- Directed by: Irving Pichel
- Screenplay by: Lamar Trotti
- Based on: Pierre-Esprit Radisson (Incidents from the life of)
- Produced by: Darryl F. Zanuck
- Starring: Paul Muni Gene Tierney Laird Cregar John Sutton
- Cinematography: George Barnes J. Peverell Marley
- Edited by: Robert L. Simpson
- Music by: Alfred Newman
- Color process: Black and white
- Production company: 20th Century-Fox
- Distributed by: 20th Century-Fox
- Release dates: December 24, 1940 (Kansas City (limited)); December 28, 1940 (United States);
- Running time: 95 minutes
- Country: United States
- Language: English
- Budget: $869,600
- Box office: $1,395,300

= Hudson's Bay (film) =

1941 film by Irving Pichel

Hudson's Bay is a 1940 American historical western adventure film directed by Irving Pichel and starring Paul Muni, Gene Tierney, Laird Cregar and John Sutton. Produced and distributed by 20th Century-Fox, the film is about a pair of French-Canadian explorers whose findings lead to the formation of the Hudson's Bay Company. In Canada, the film was heavily promoted by the Hudson's Bay Company through its retail stores.

==Plot==
A trapper, Pierre Esprit Radisson, and his friend, nicknamed "Gooseberry," hope to open a trading post in the Hudson's Bay region of northeastern Canada in the year 1667.

They meet the jailed Lord Edward Crewe, a nobleman from England who has been banished from that country by Charles II of England. They manage to free Edward, who funds their expedition, beginning in Montreal, designed to further free trade with the Indians and make Canada a more united land.

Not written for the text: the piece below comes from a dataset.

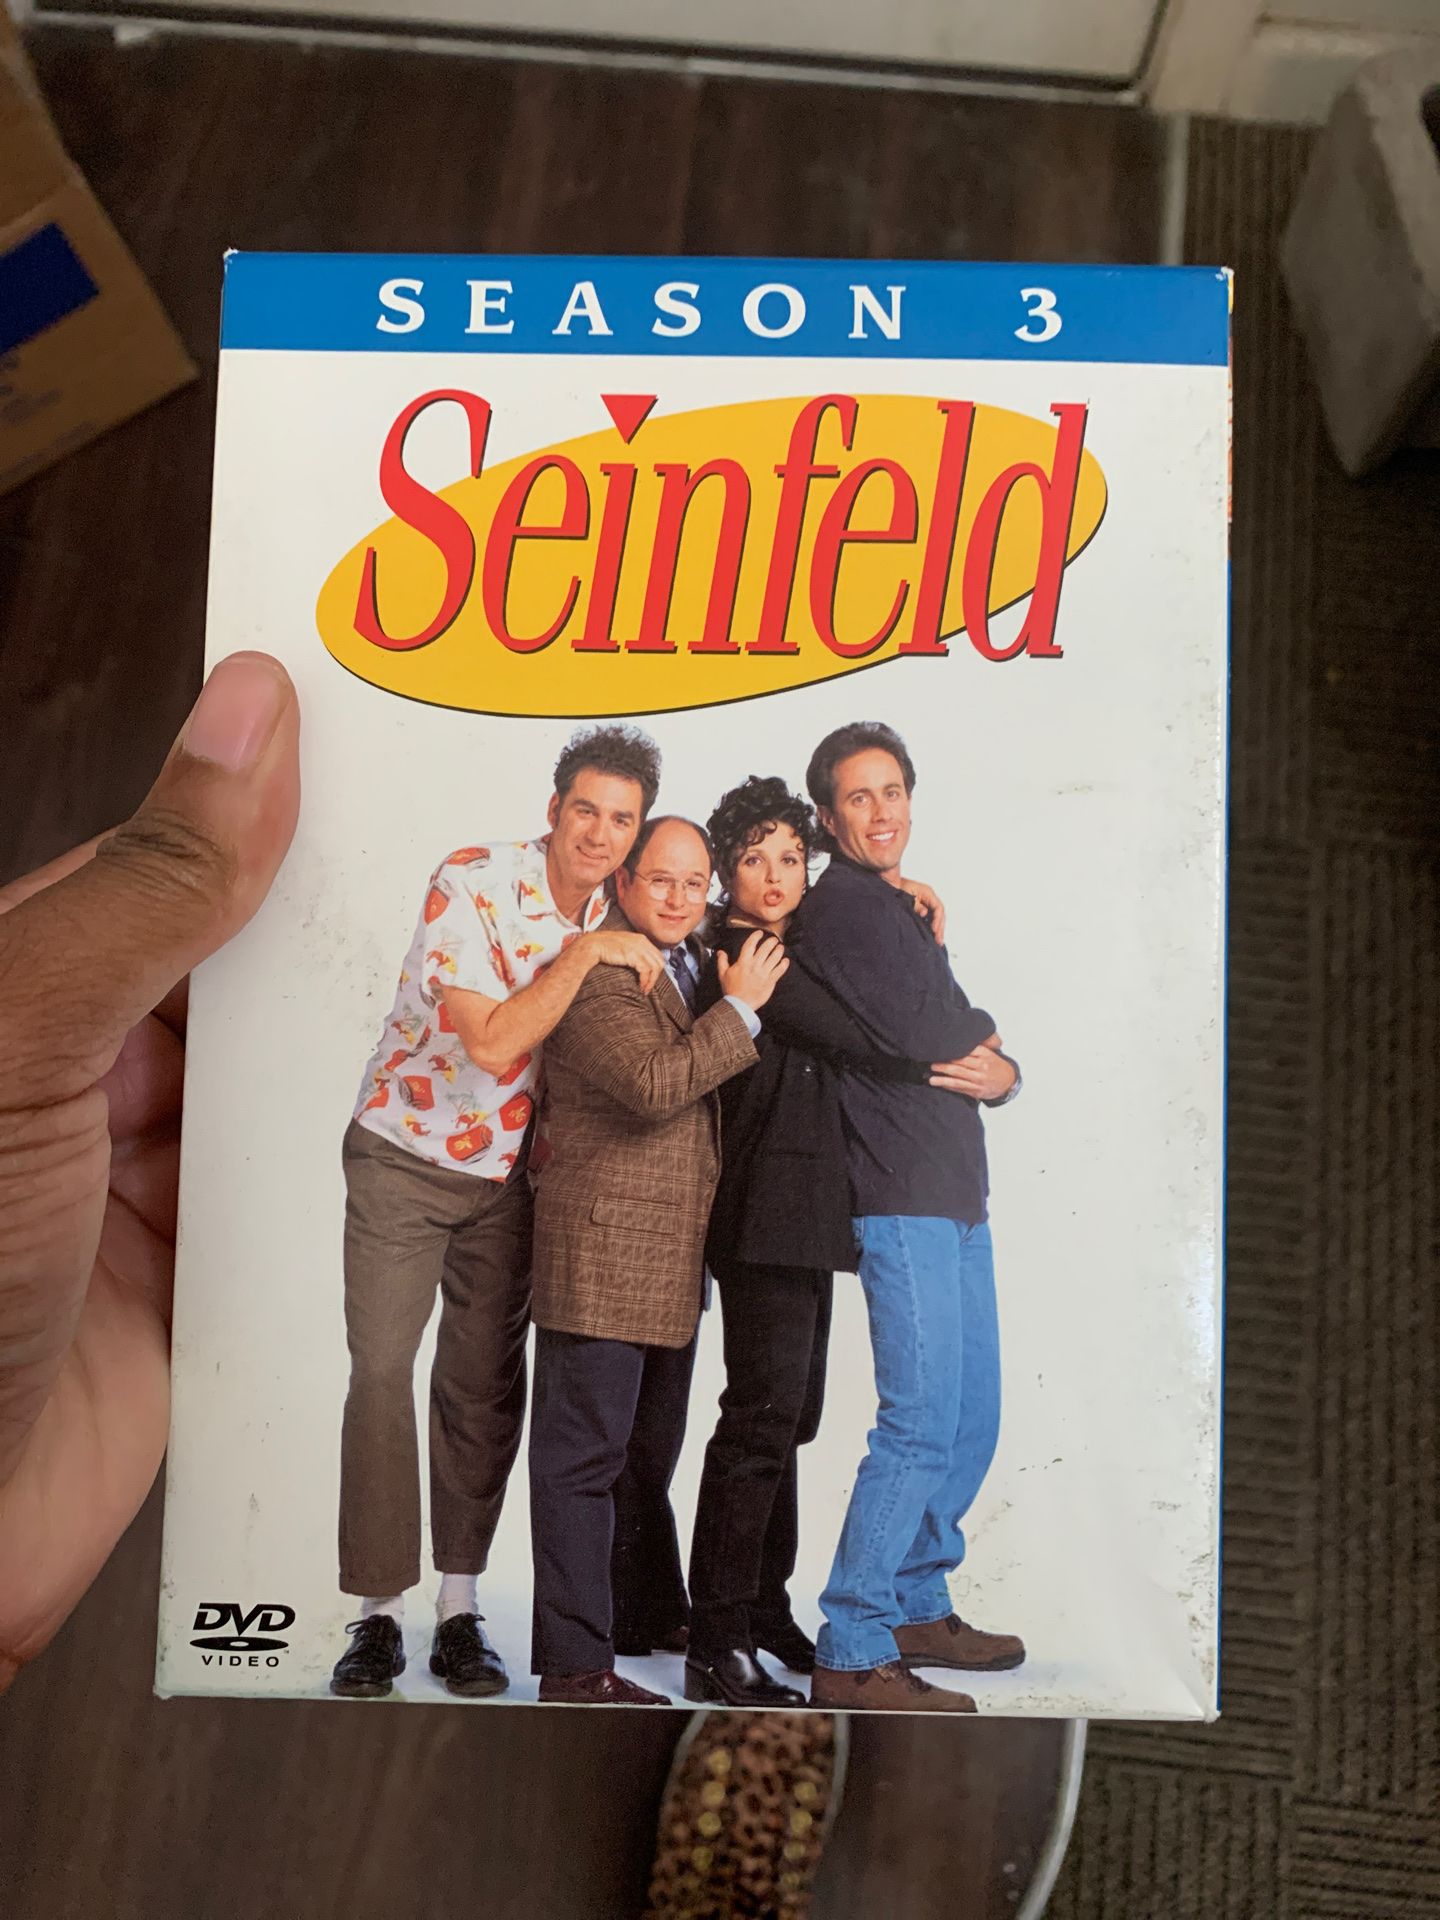 Free Seinfeld Dvds to home in need

Barbara Hall is the sweetheart of Edward and her brother, Gerald, is thrust upon them after the explorers travel to England to seek the king's favor. Prince Rupert helps get Edward back in the king's good graces. Charles II is open to the idea of a trading post, provided he is personally brought 400,000 pelts.

Gerald creates trouble in Canada as soon as the new Fort Charles trading post is established. His actions incite violence among the Indian natives, who demand he be punished. Over the king's objections and to Barbara's horror, Radisson and his associates permit Gerald to be sentenced to death by a firing squad.

But once the gravity of her brother's misdeeds become clear to her, and with the flourishing of the Hudson's Bay trading post, Barbara forgives her love Edward while his partners Radisson and Gooseberry celebrate their success.

==Cast==
- Paul Muni as Pierre Esprit Radisson
- Gene Tierney as Barbara Hall
- Laird Cregar as Gooseberry
- John Sutton as Lord Edward Crewe
- Virginia Field as Nell Gwyn
- Vincent Price as Charles II
- Nigel Bruce as Prince Rupert
- Morton Lowry as Gerald Hall
- Robert Greig as Sir Robert
- Chief Thundercloud as Orimha
- Frederick Worlock as English Governor
- Florence Bates as Duchess
- Montagu Love as Marquis d'Argenson - Governor
- Ian Wolfe as Mayor
- Chief John Big Tree as Chief
- Jody Gilbert as Germaine

==Reception==
George MacDonald Fraser wrote in 1988, "Hudson's Bay paid the penalty for being ahead of its time; critics found it boring, and one described it as 'a cock-eyed history lesson' which, overall, it certainly is not." MacDonald goes on to say of Vincent Price in the role of the King, "Here was an actor who looked reasonably like Old Rowley, and combined the languid style with the athletic presence - one could imagine Price walking ten miles a day for the fun of it as King Charles did."

===Box office===
The film earned a profit of $88,500.

==Radio==
The same story was serialised for Australian radio in 1946 as Hudson's Bay starring Grant Taylor and Max Osbiston.